I started my blog three years ago, back in the summer of 69 (#joke, it was 2012). I don’t know why anyone started to read it and I still don’t really think anyone does (although my google analytics tell me otherwise). Now, it has grown and developed and I make a living from it. It’s a business and a passion and it allows me more time to blog, attend press launches and carry out interviews. This is why it upsets me when people say negative things about the blogging world. Blogs are actually becoming the future.
A theatre director (currently with a show in the West End) once said to me “I don’t invite bloggers like you to my shows because you aren’t worth the free wine I have to give out for the five people that might read your review”. I was flattered that he assumed five people cared about what I write but in reality he was shooting himself in the foot with that small minded way of thinking and will be losing out on a lot of potential press coverage with bloggers.

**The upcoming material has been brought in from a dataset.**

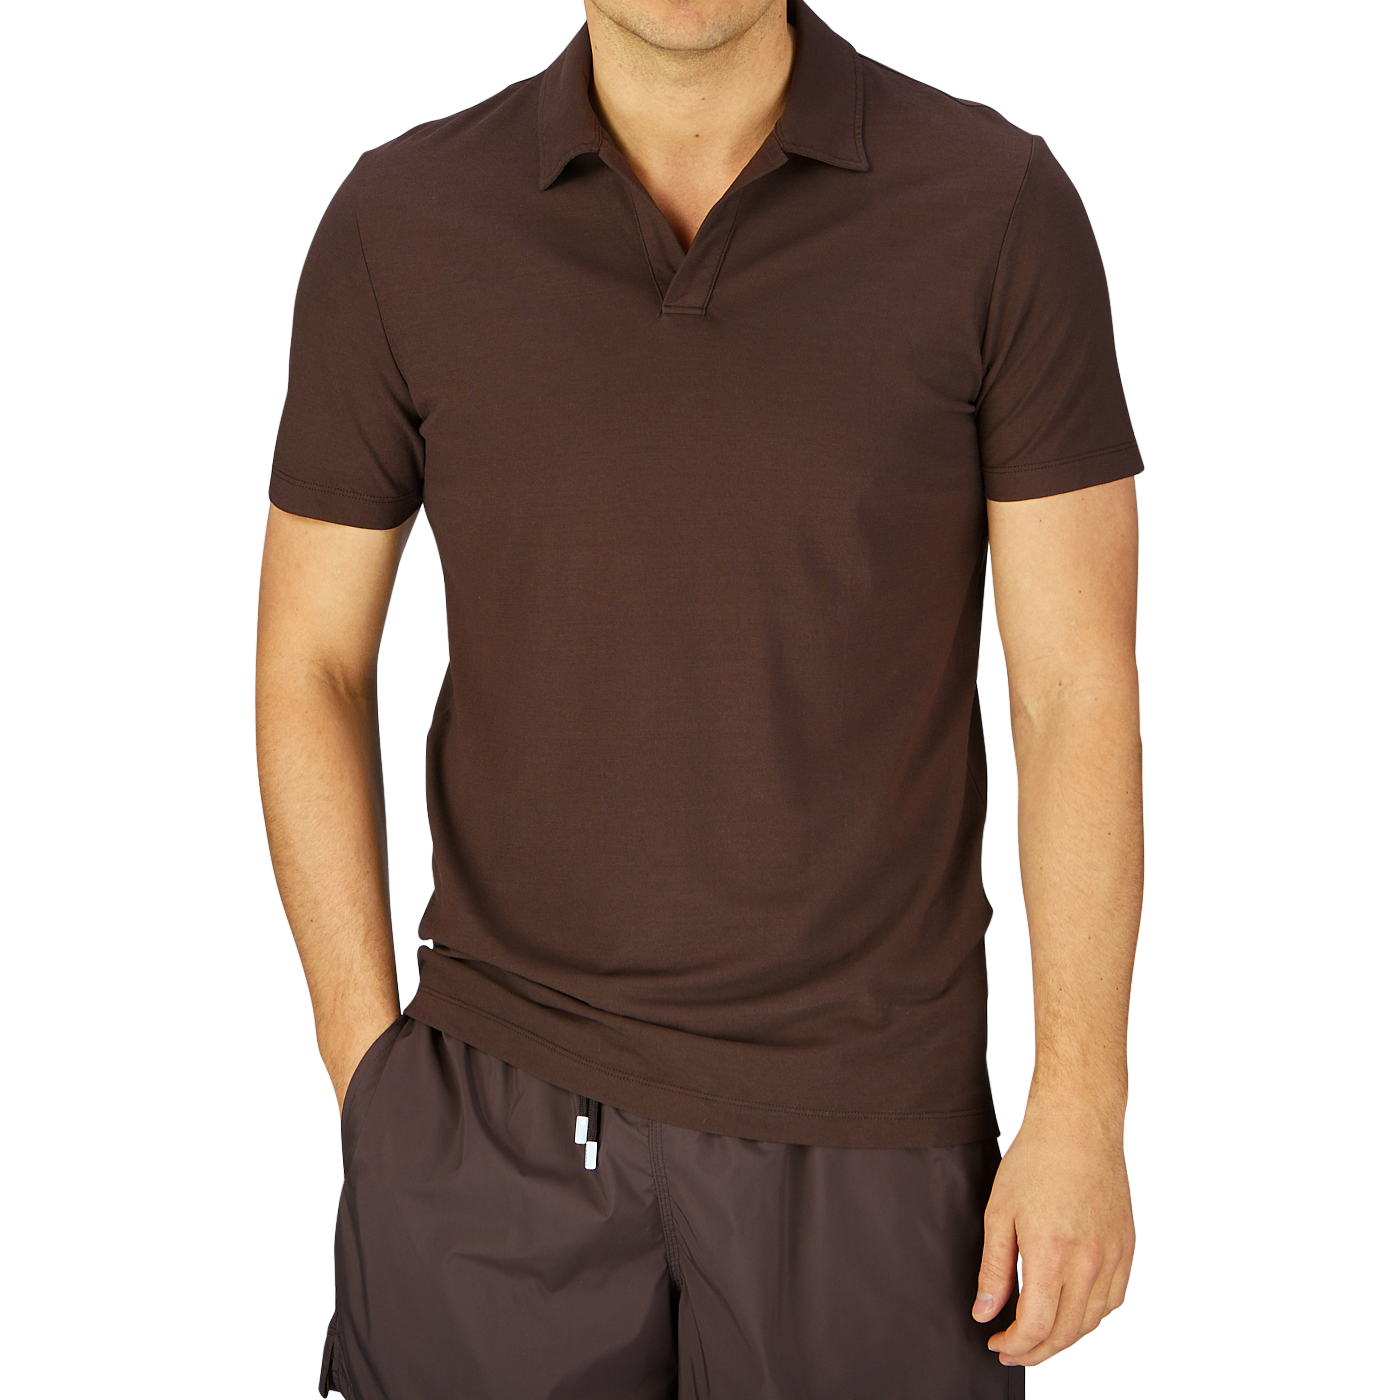 Man wearing an Altea dark brown cotton jersey capri collar polo shirt and dark shorts.
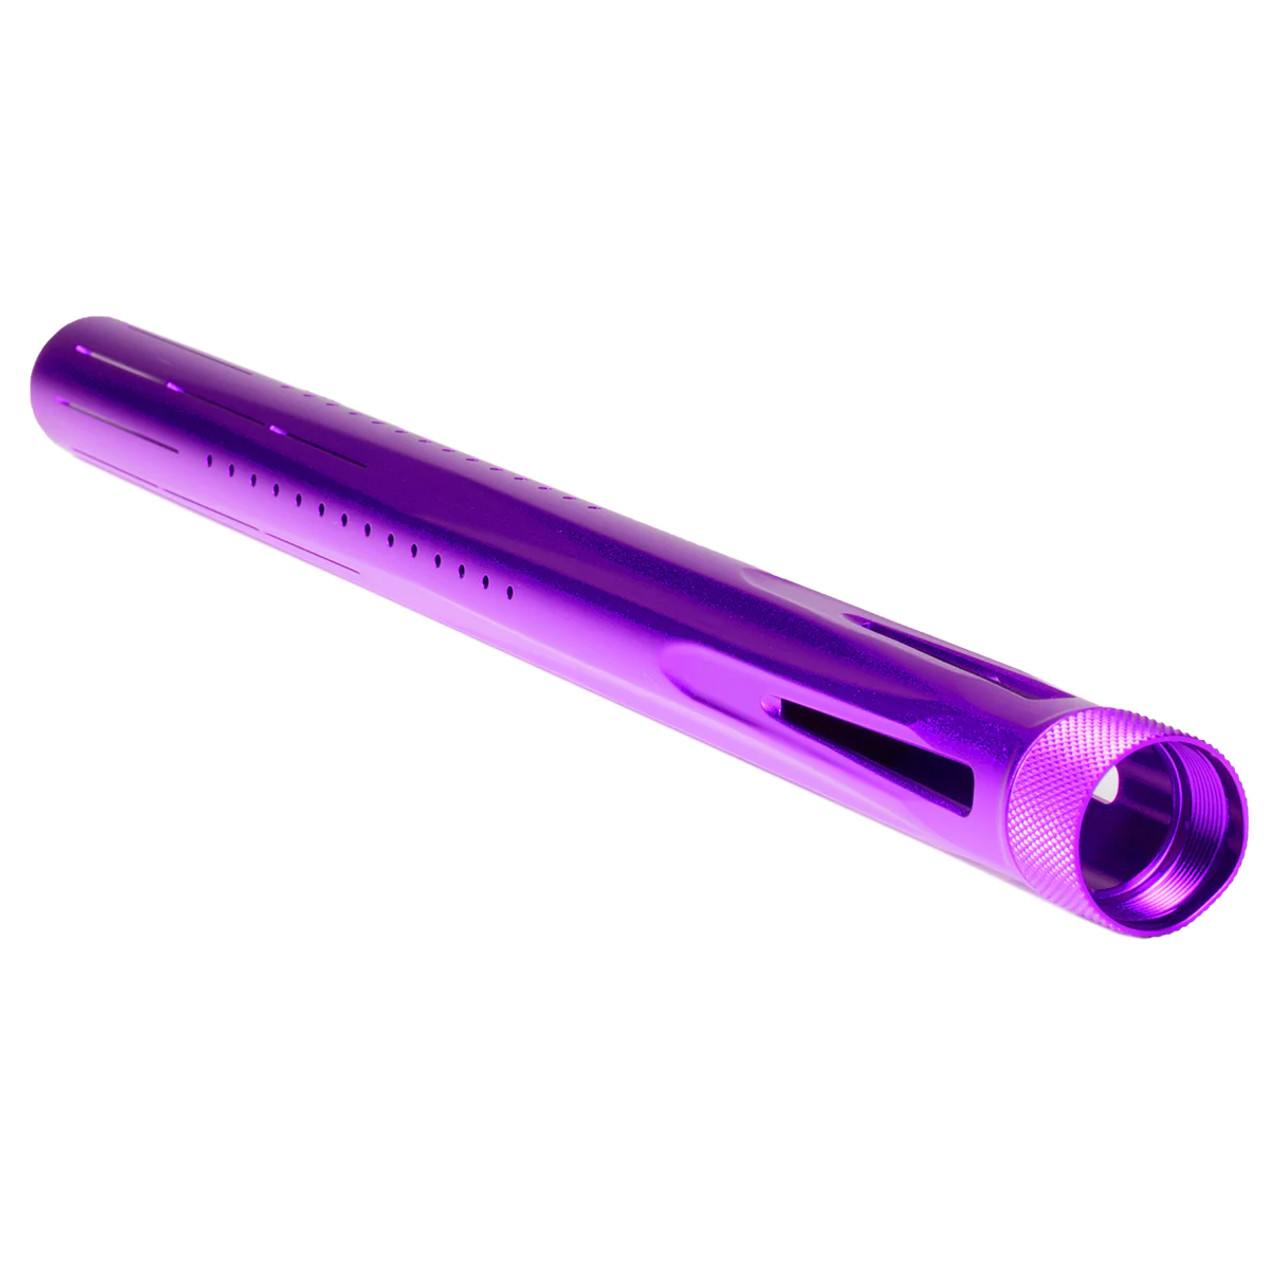 HK - LAZR Tip - Std - Dust Purple

Mark Shenton, who yesterday published an article about critics who reviewed Hamlet after its first preview (instead of waiting for the official press night) said:
“No fewer than three major national papers broke the usual respect for embargoes on reviewing before the press night and behaved like bloggers, filing reviews straight after the first preview”.
After a twitter storm of unhappy comments from rule abiding bloggers, the line was amended to ‘some’ bloggers. However still making a point that bloggers are seen as a lower class to the official critics.
The power of blogging is growing and it isn’t showing any signs of slowing down. The Theatre Royal Newcastle recently told me:
“We don’t generally offer review tickets to online publications, as we find so many of our ticket-buying audience review on their own websites or blogs anyway.”
It’s great to hear that they don’t feel the need to invite online bloggers to review their shows as so many are doing it themselves anyway (although I do think their strategy is wrong as some bloggers can get much more coverage than others do and these should be selected to invited in for press nights). Either way, they seem happy with the coverage they receive from bloggers which is great to hear.
Everybody has to start somewhere. And to be honest whether you have studied journalism and worked for a major newspaper or just started blogging in your bedroom it doesn’t matter. What we have to remember is we all have a passion for theatre. And if you write reviews and people read them on your blog (or they don’t), who is it hurting? The critics perhaps as they are losing their jobs with national press and maybe blaming the blogging revolution.
Embrace the change I say. The world is changing and so change with it. Don’t fight it. Bloggers, Critics and everything in between. We are creative human beings doing something we love. How marvellous!